PHARMACEUTICAL POLICY
Canadian drug patent policy has always sought a balance between the conflicting objectives of maintaining affordable access to health care and developing a Canadian pharmaceutical industry.In 1923, the Patent Act was amended to allow for compulsory licenses, which allowed generic manufacturers to produce a patented drug before the patent had expired in exchange for royalty payments. This policy did not work as expected. Between 1935 and 1969 only 22 compulsory licences were granted, and, as might be expected, a number of studies showed that drug prices were higher in Canada than abroad.
In 1969, the Act was amended to allow for compulsory licences to import. Between 1969 and 1985, 306 compulsory licences to import had been granted. The evidence on the economic effects of this policy are mixed. There had been adverse effects on some patent holders leading to plant closings, but, according to the Eastman Report, the innovative drug industry as a whole had not suffered. Drug prices were kept at a reasonable level, with the Eastman Report estimating savings of $211 millions in the year 1983.
In 1987, Bill C-22 restricted the scope of compulsory licences by guaranteeing patent owners a period of market exclusivity before a licence could be granted to a generic company to market a copy of the product. If the active ingredient was made in Canada, the period of exclusivity was ten years, and if the active ingredient was imported from abroad, the period of exclusivity was seven years. These periods would start from the date Health Canada made a public notification that the drug had complied with all the health and safety requirements. In addition, Bill C-22 created the Patented Medicine Prices Review Board (PMPRB) as an independent, quasi-judicial body to ensure that the prices of patented medicines were not excessive, to report on price trends and on the patentees' research and development (R&D) expenditures. In return, the brand-name pharmaceutical industry made a commitment to substantially increase the level of R&D carried out in Canada.
In 1991, as part of the GATT negotiations, the "Dunkel Text" was released. The direction of international policy for the protection of intellectual property was clear to the government of the day. The movement was towards 20-year patents based on patent-filing dates, and discrimination based on the field of technology was not allowed. Drugs could not be subject to exceptional provisions.
In 1993, Bill C-91 was introduced. Drug patents were for 20 years from the patent-filing date, not the date when Health Canada issued a notification that the drug was approved for sale. No new compulsory licences were to be issued, and recently-issued compulsory licences were revoked.

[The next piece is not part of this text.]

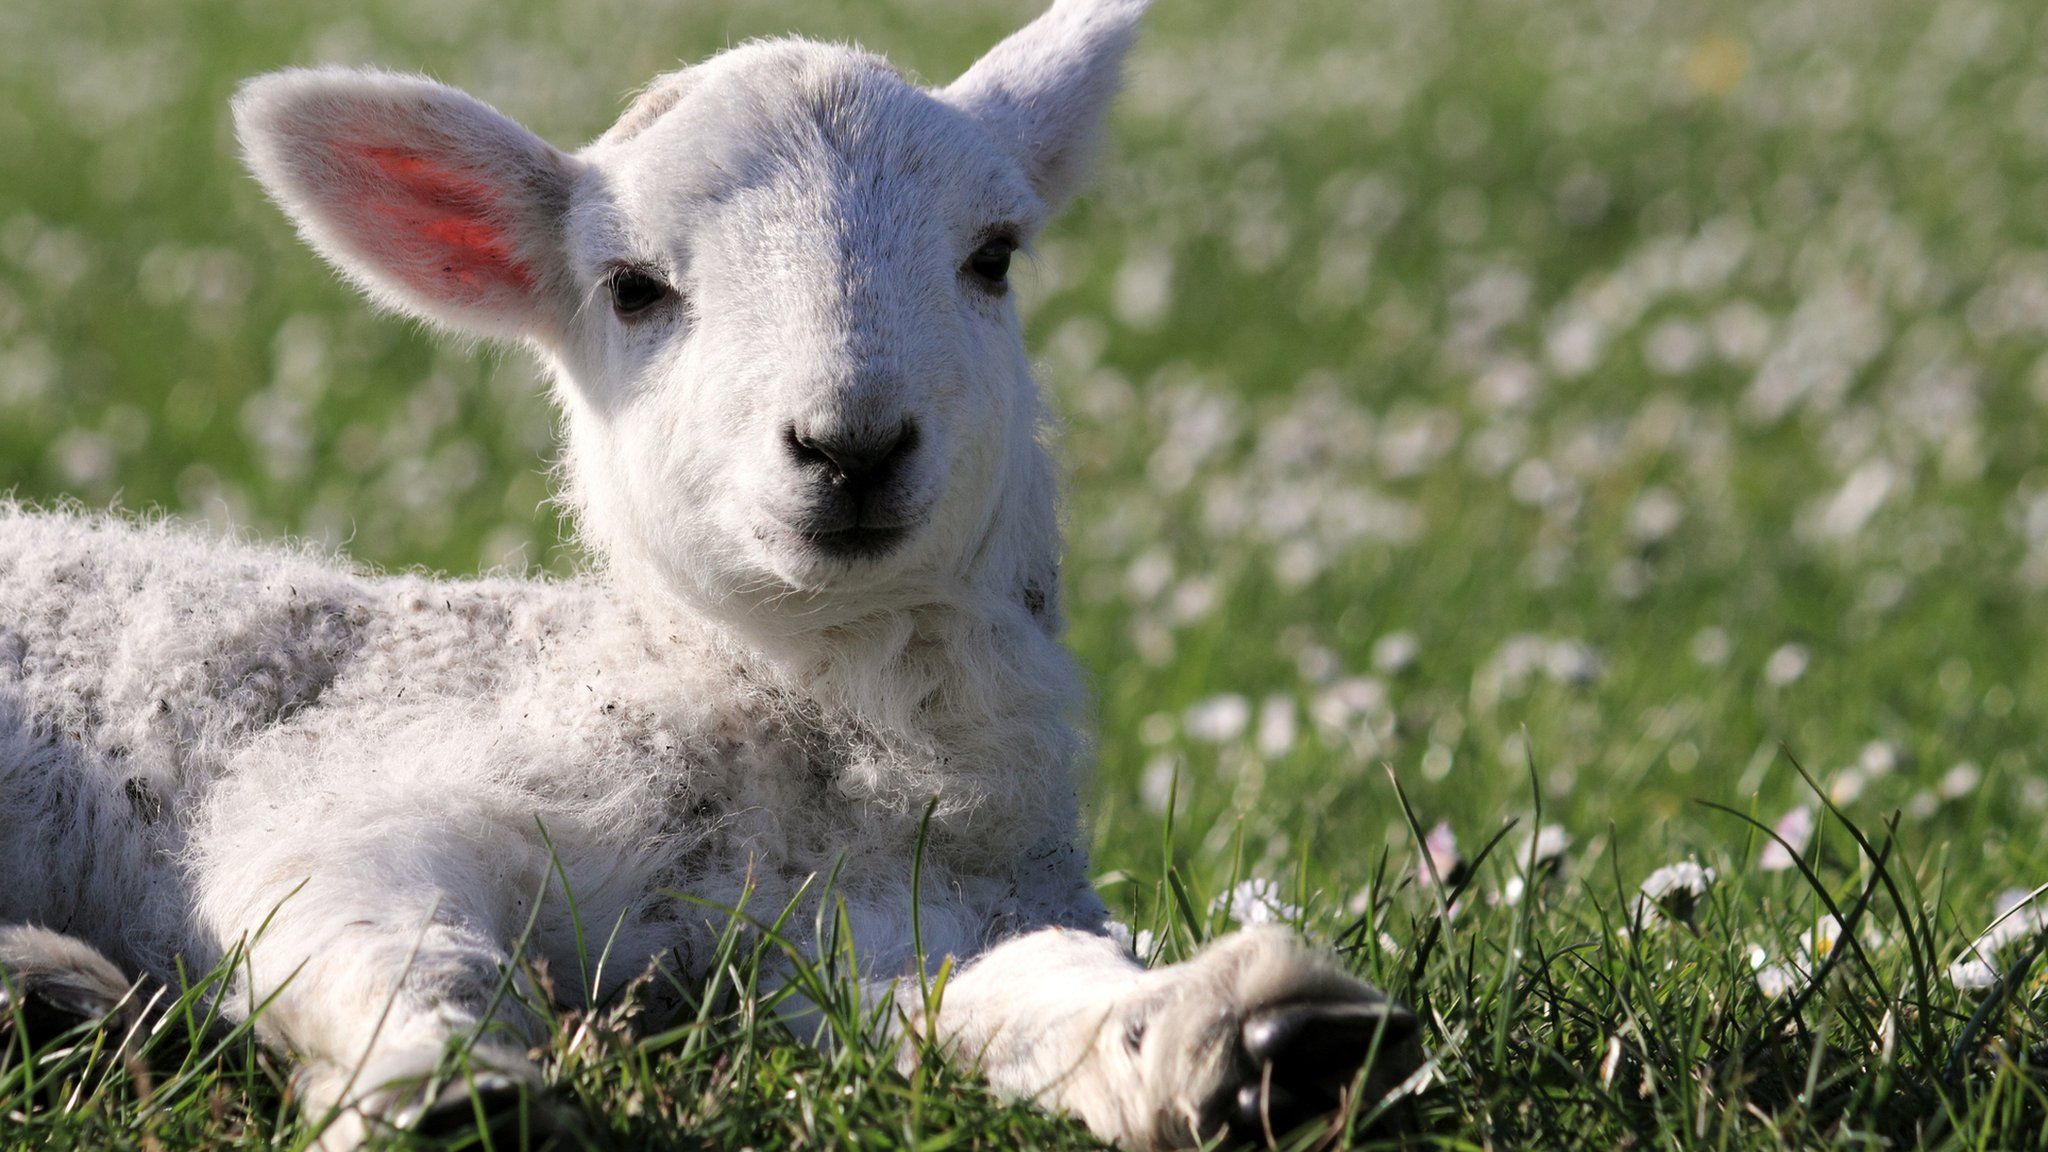 Spring lamb

Removing compulsory licensing as an instrument to control prices required that the operations of the Board needed to be altered. The Board was given the power to order fines and price rollbacks.

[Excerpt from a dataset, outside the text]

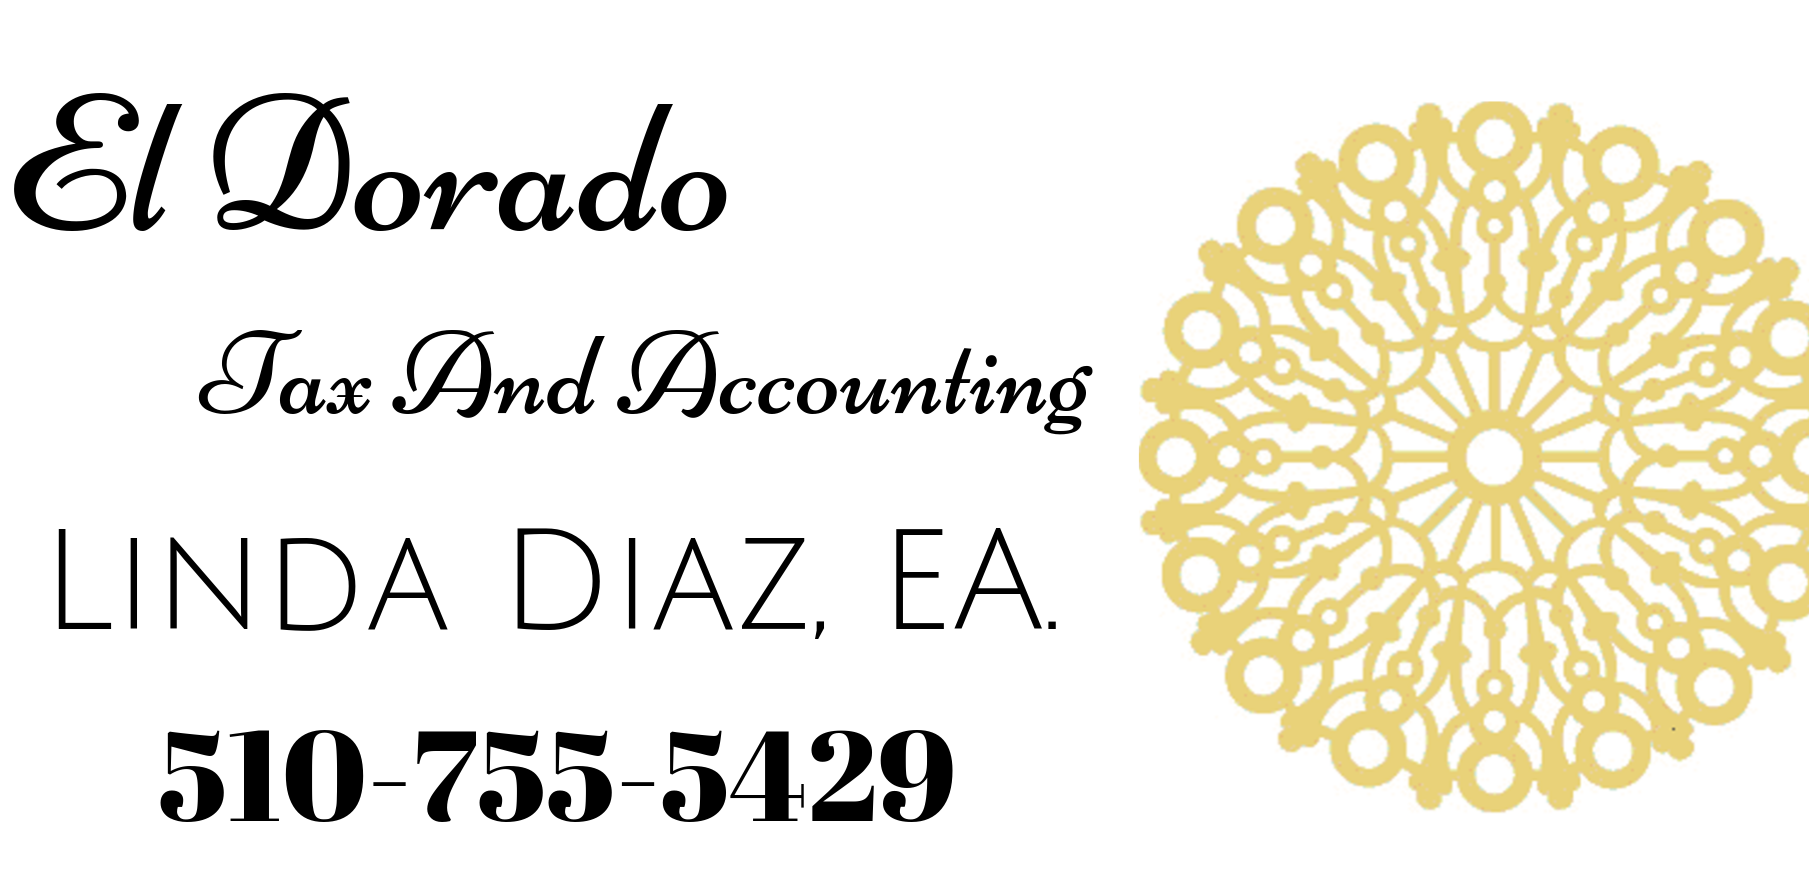 El Dorado Tax and Accounting, Manteca California

Price control was to be now based firstly on ensuring that the introductory price was not excessive and secondly on monitoring any subsequent price increases to check that these changes were less than the rate of inflation. The PMPRB applies different rules for the introductory price of a drug depending on which category the drug is in. A new drug could be (a) a breakthrough drug that offers significant therapeutic improvements or cost advantages to the health system, or (b) a me-too drug that offers a less than significant therapeutic improvement or (c) a reformulation of an existing drug. Breakthrough drugs cannot be priced higher than the median price in a group of seven comparison countries. Me-too drugs cannot be priced higher than the most expensive drug in that therapeutic class. The remaining drugs are priced in relation to the current prices for the different sizes or formulations of the same drug.

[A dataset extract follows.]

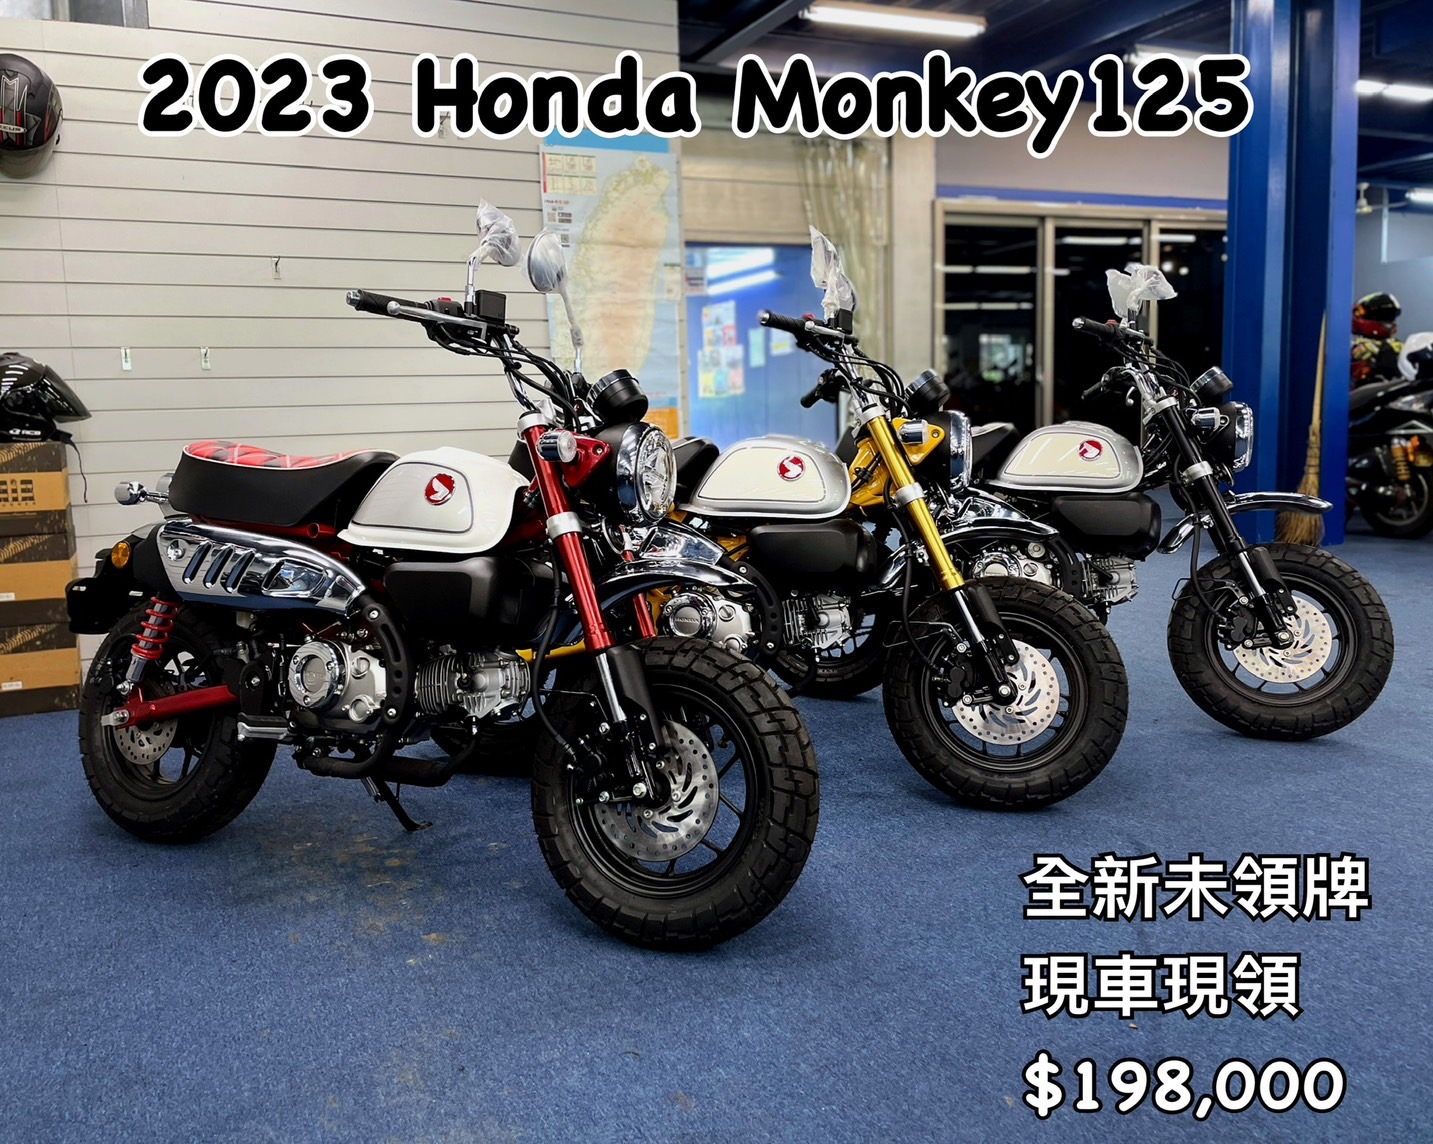 HONDA Monkey 125新車出售中 2023 格紋款HONDA MONKEY125 三色現車現領！！19.8萬 貿易車 | 原夢輕重機

Two exceptions to patent infringement were introduced in C-91. Small amounts of the patented drug could be produced for regulatory approval, and, in the last six months of the patent life, larger amounts could be produced for stockpiling. Taken together these provisions allow the generic drug to be shipped for sale the day after the patent expires. Quite controversially, C-91 linked the NOC or Notice of Compliance, which certifies that the generic drug has passed Health Canada drug approval process, to the patent status of the drug.
On the passage of C-91, the Pharmaceutical Manufacturers Association of Canada wrote to the government to detail the collective commitments of its members. These commitments were:
- A 10% R&D to sales ratio.
- New investments of at least $400 million by the end of 1996.
- Regional distribution of extramural clinical research by population.
- Increase annual procurement from the Canadian fine chemical industry to $15-20 million.
- Contribute $200 to the MRC-PMAC fund over five years.
- Identify regional opportunities for future investments in research and industrial projects.